Pakistan is even more split after this incident.  Several leading Pakistani news papers have sharply castigated the authorities especially the army and the ISI for leading the country down the drain.  These voices had been rising for some time, and the Osama Bin Laden incident has become a shame on the whole country.  But this realistic journalism is smaller than the “ghariat brigade” and some Urdu media who seem to live in their own world of self-delusion denial, and xenophobia.  H. Khan wrote in the Pak Defence Forum.cm (May 03) that “all these institutions (incompetent  civilian government, its impotent elected parliament, its misdirected judiciary, its corrupt civil servants and its crooked military establishment) …… lie to each other, lie to foreign countries, they lie to the people of Pakistan and most important of all they lie within themselves”. This is, perhaps the most succinct description of the state of Pakistan today-made by the leaders, not the people.

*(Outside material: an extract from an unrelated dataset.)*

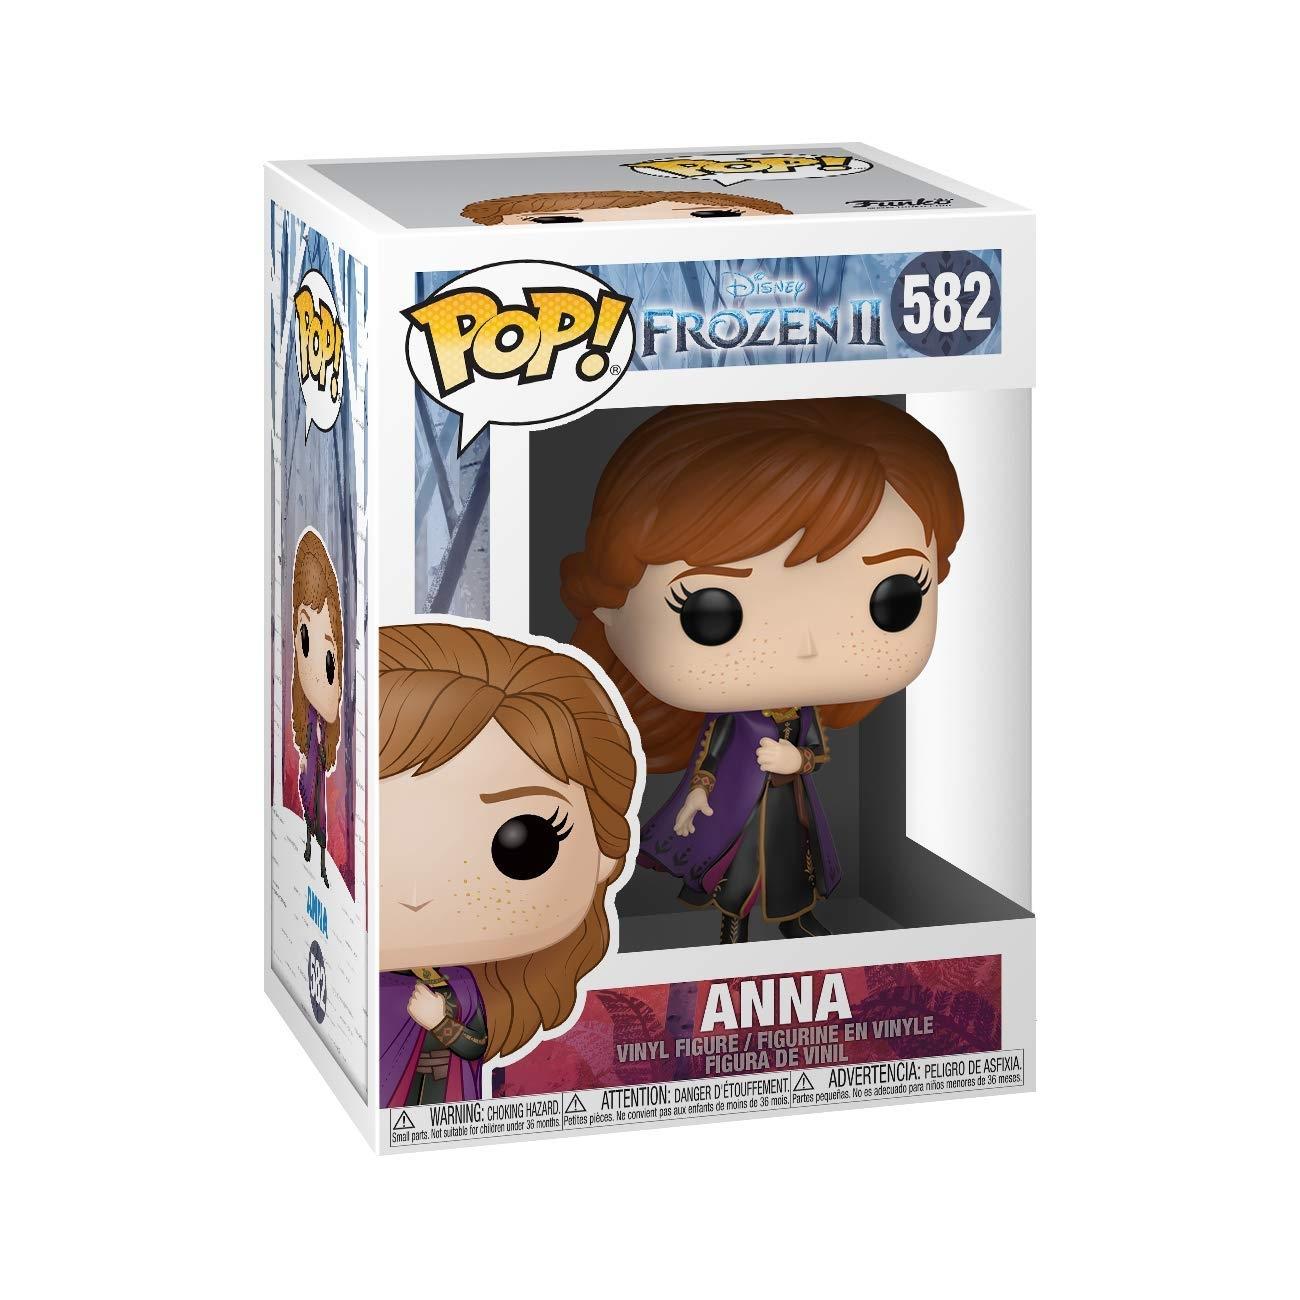 POP Disney Frozen 2 Anna Pop Vinyl: Ornament
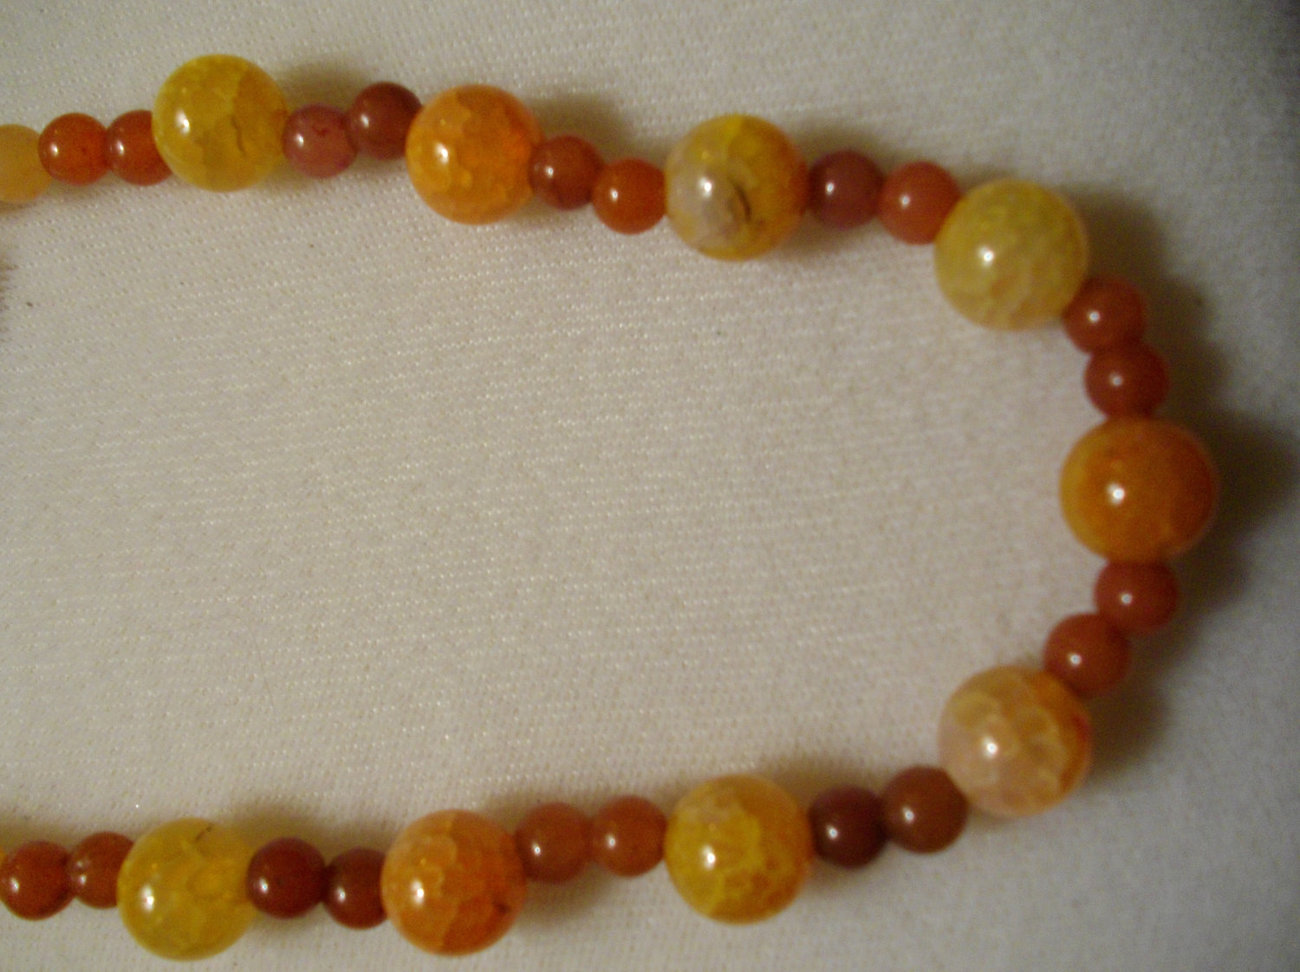 Red Adventurine And Mandarin Dragon Vein Agate Necklace Set

Within these lies and deceptions including auto-suggestions’, for the immediate future the GHQ in Rawalpindi must realise that CIA Director Leon Panetta  is moving in as Defence Secretary, and US/NATO forces commander in Afghanistan, Gen. David Petraeus is taking over as Director, CIA.  Iraq veterans are coming to Afghanistan.  Given the known views of both Panetta and Petraeus, who will also control release aid to Pakistan, the future for fudging will become severely limited.Having official response to the Osama Bin Laden episode has been precise and correct.  Pakistan must produce and prosecute the perpetrators of “26/11”.  India has given all the proof to the Pakistani authorities.  The pressure must mount on Pakistan, but talks must continue.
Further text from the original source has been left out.